= TASK REQUIREMENTS =
Would you return the data below exactly as it stands, with every picture left out?

= RECORDED INFORMATION =
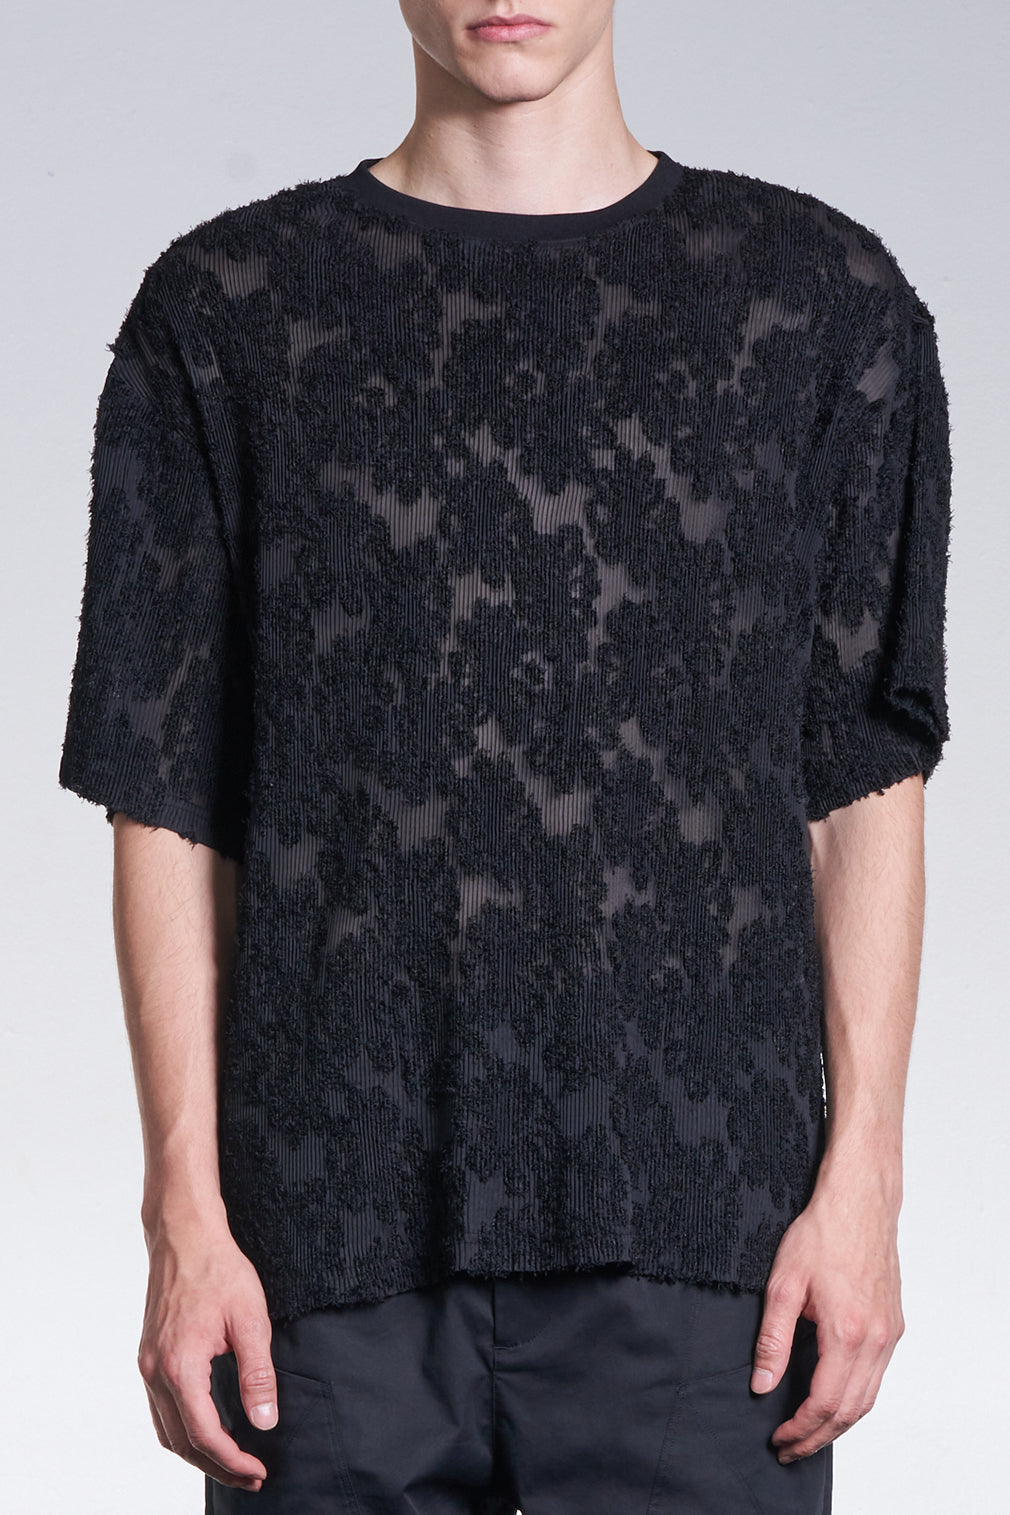 Burnt Out Flower Pattern Pleated Tee
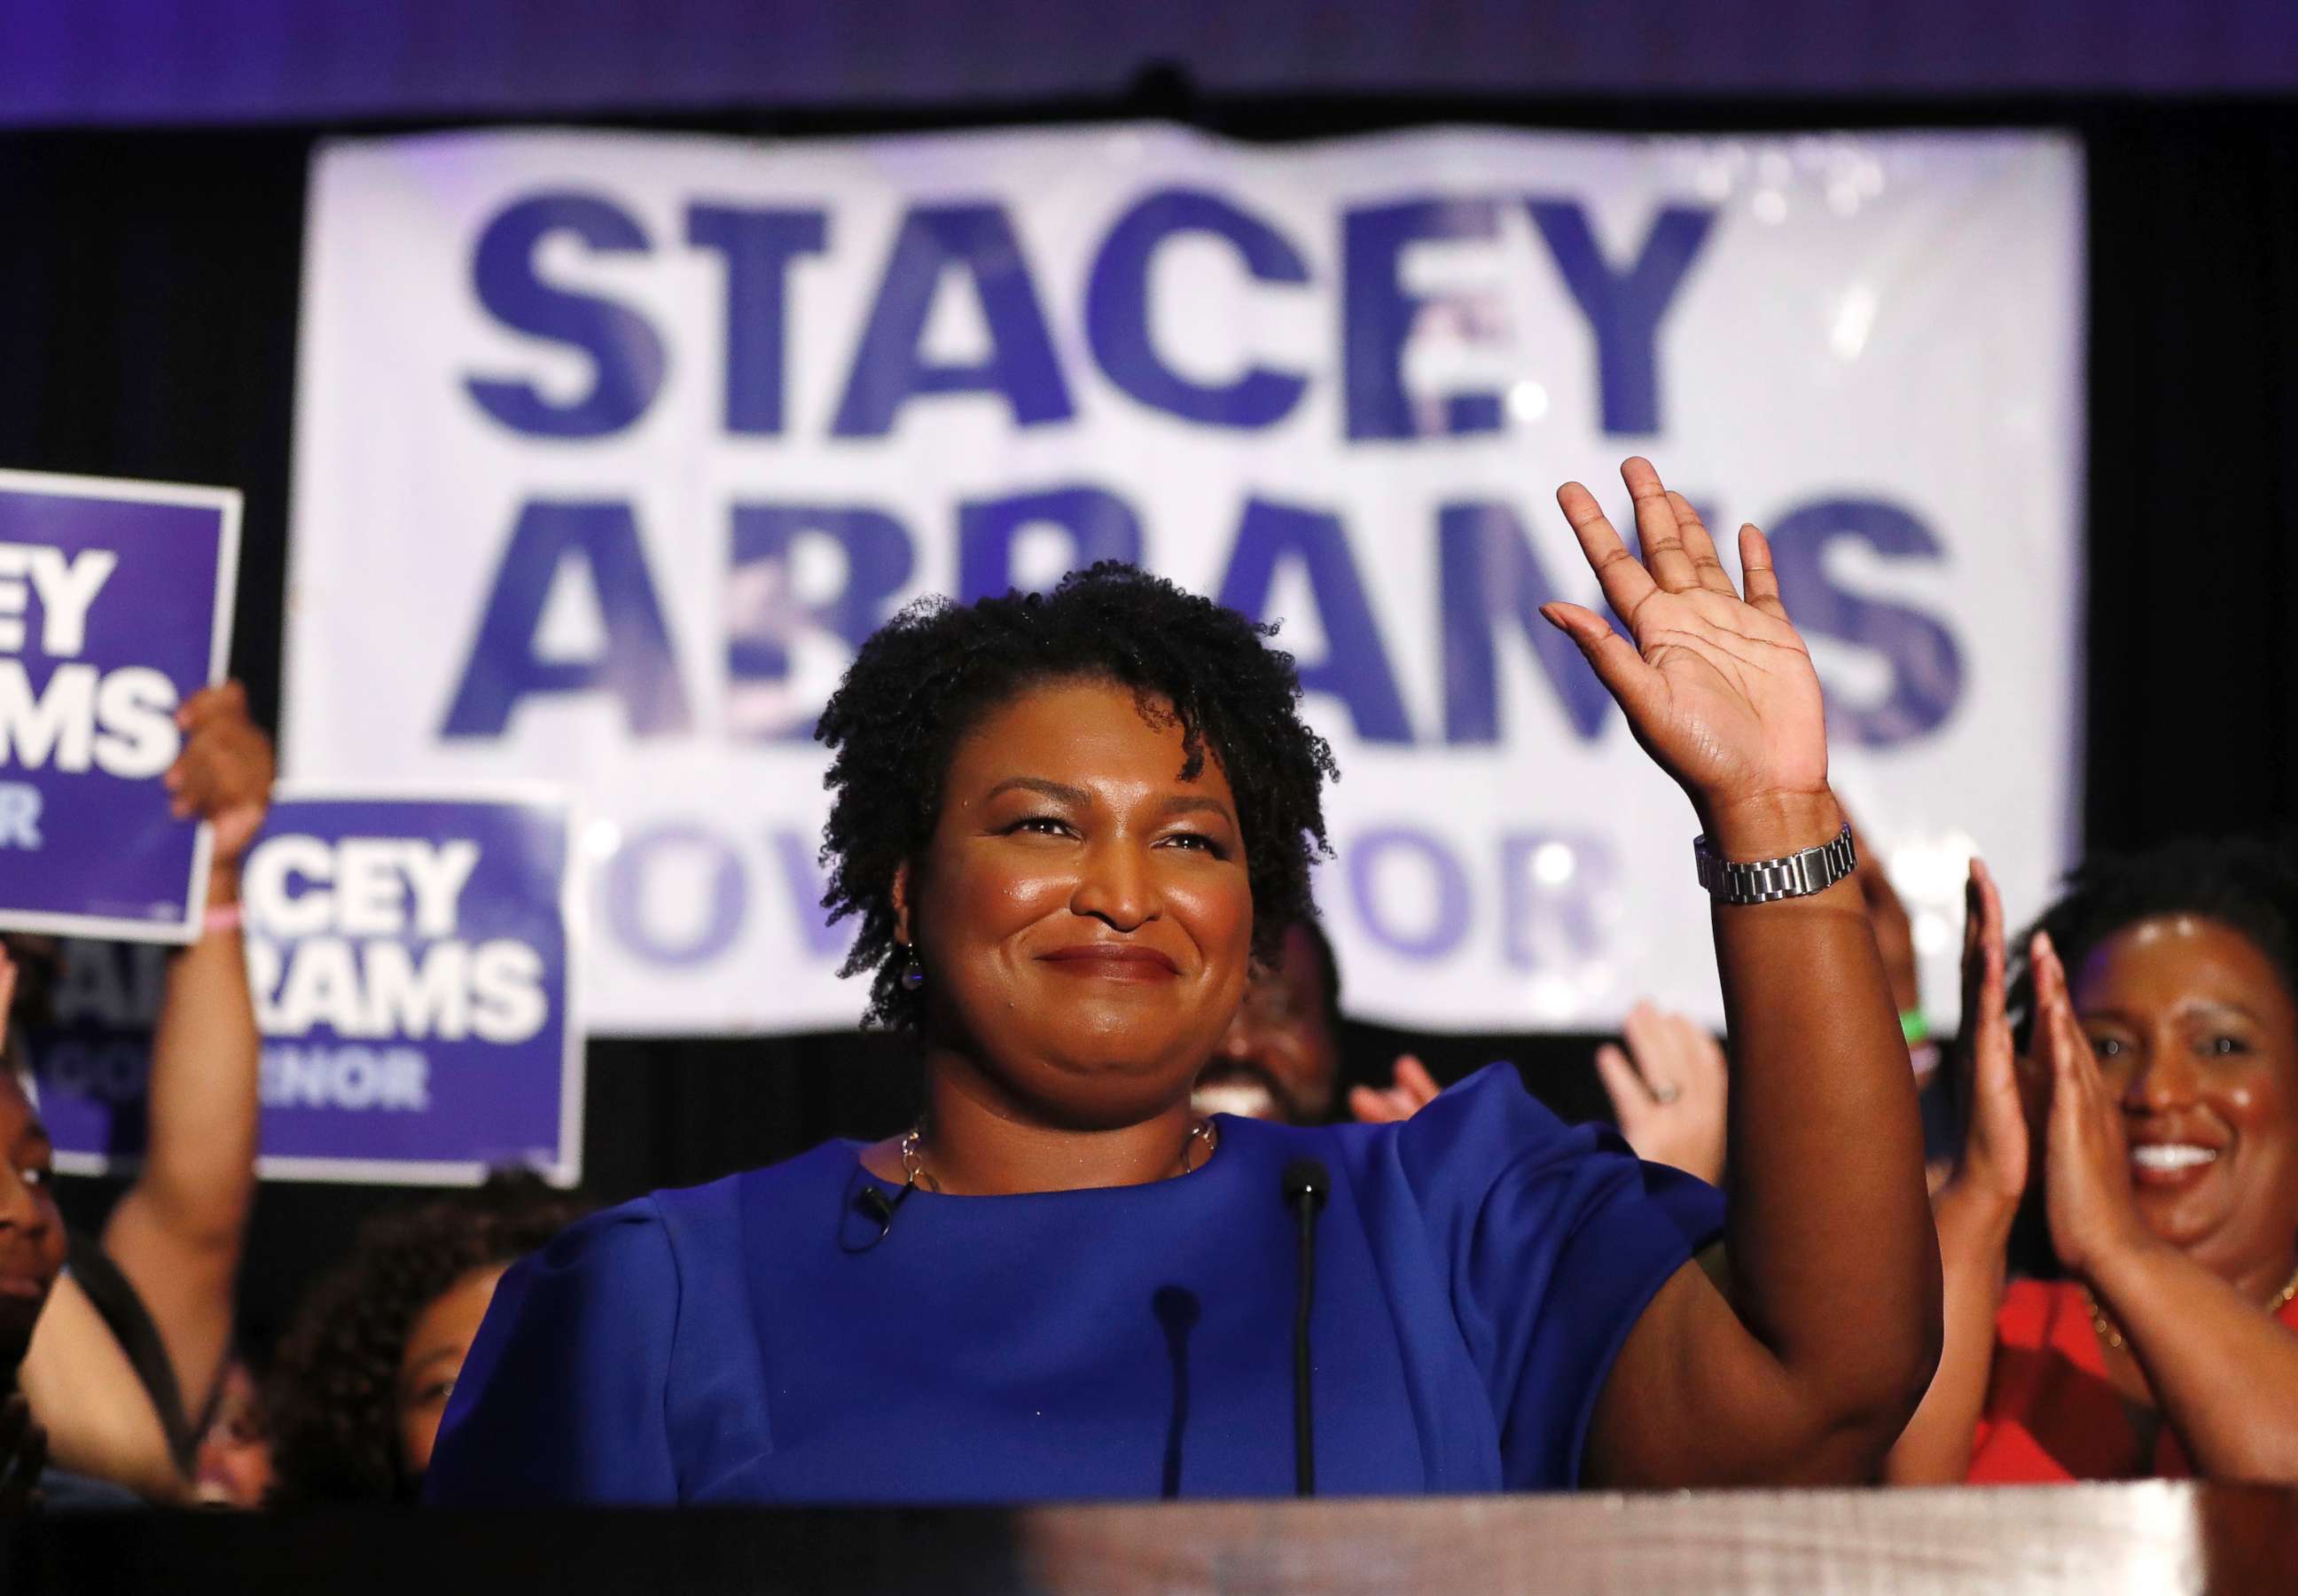 PHOTO: Democratic candidate for Georgia Governor Stacey Abrams waves to supporters after speaking at an election-night watch party, May 22, 2018, in Atlanta.
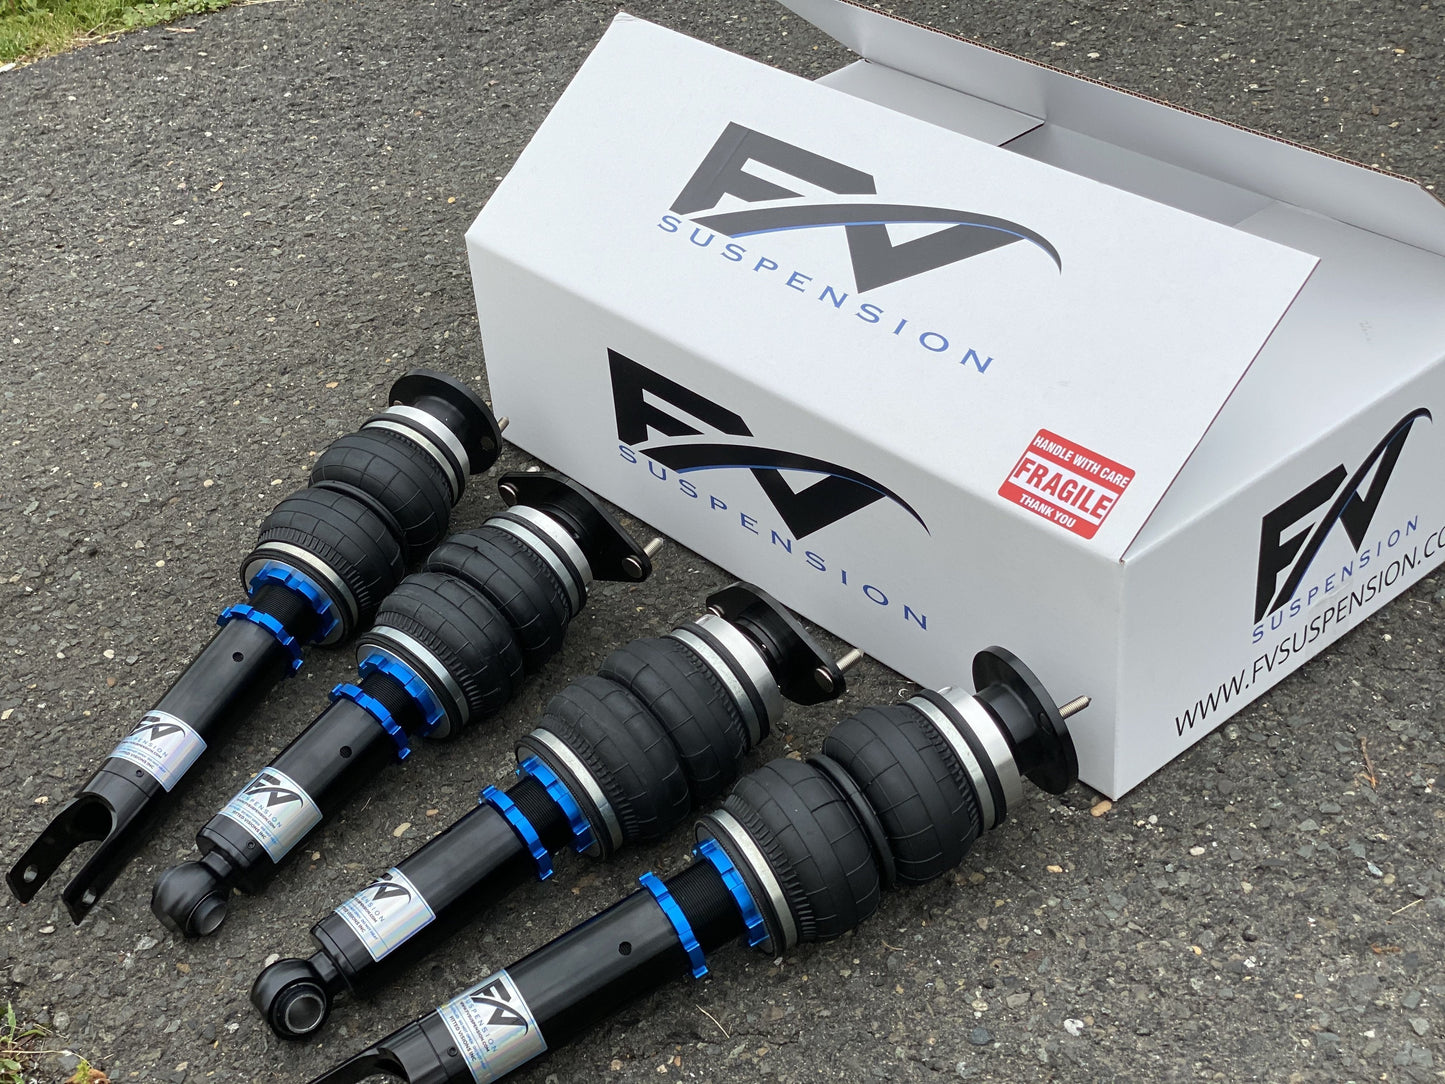 FV Suspension Tier 1 Budget kit Complete Air Ride kit for 04-10 Toyota Sienna XL20 - Full Kit
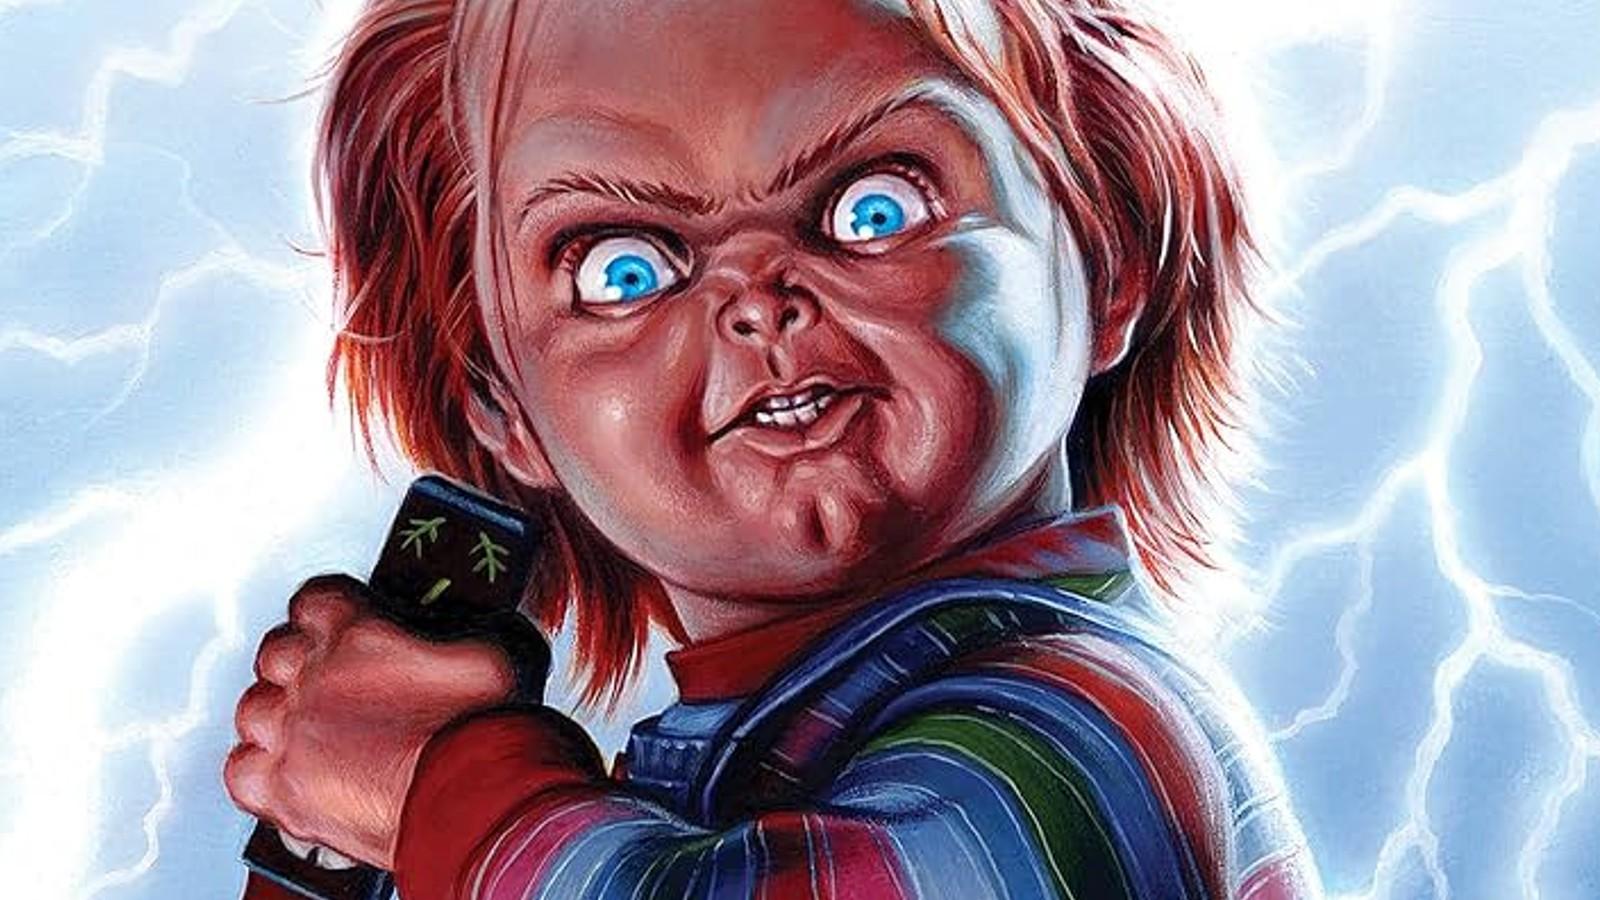 Killer doll Chucky brandishing a knife in Child's Play.

= YOUR SOLUTION =
 Burnt Out Flower Pattern Pleated Tee
 PHOTO: Democratic candidate for Georgia Governor Stacey Abrams waves to supporters after speaking at an election-night watch party, May 22, 2018, in Atlanta.
 FV Suspension Tier 1 Budget kit Complete Air Ride kit for 04-10 Toyota Sienna XL20 - Full Kit
 Killer doll Chucky brandishing a knife in Child's Play.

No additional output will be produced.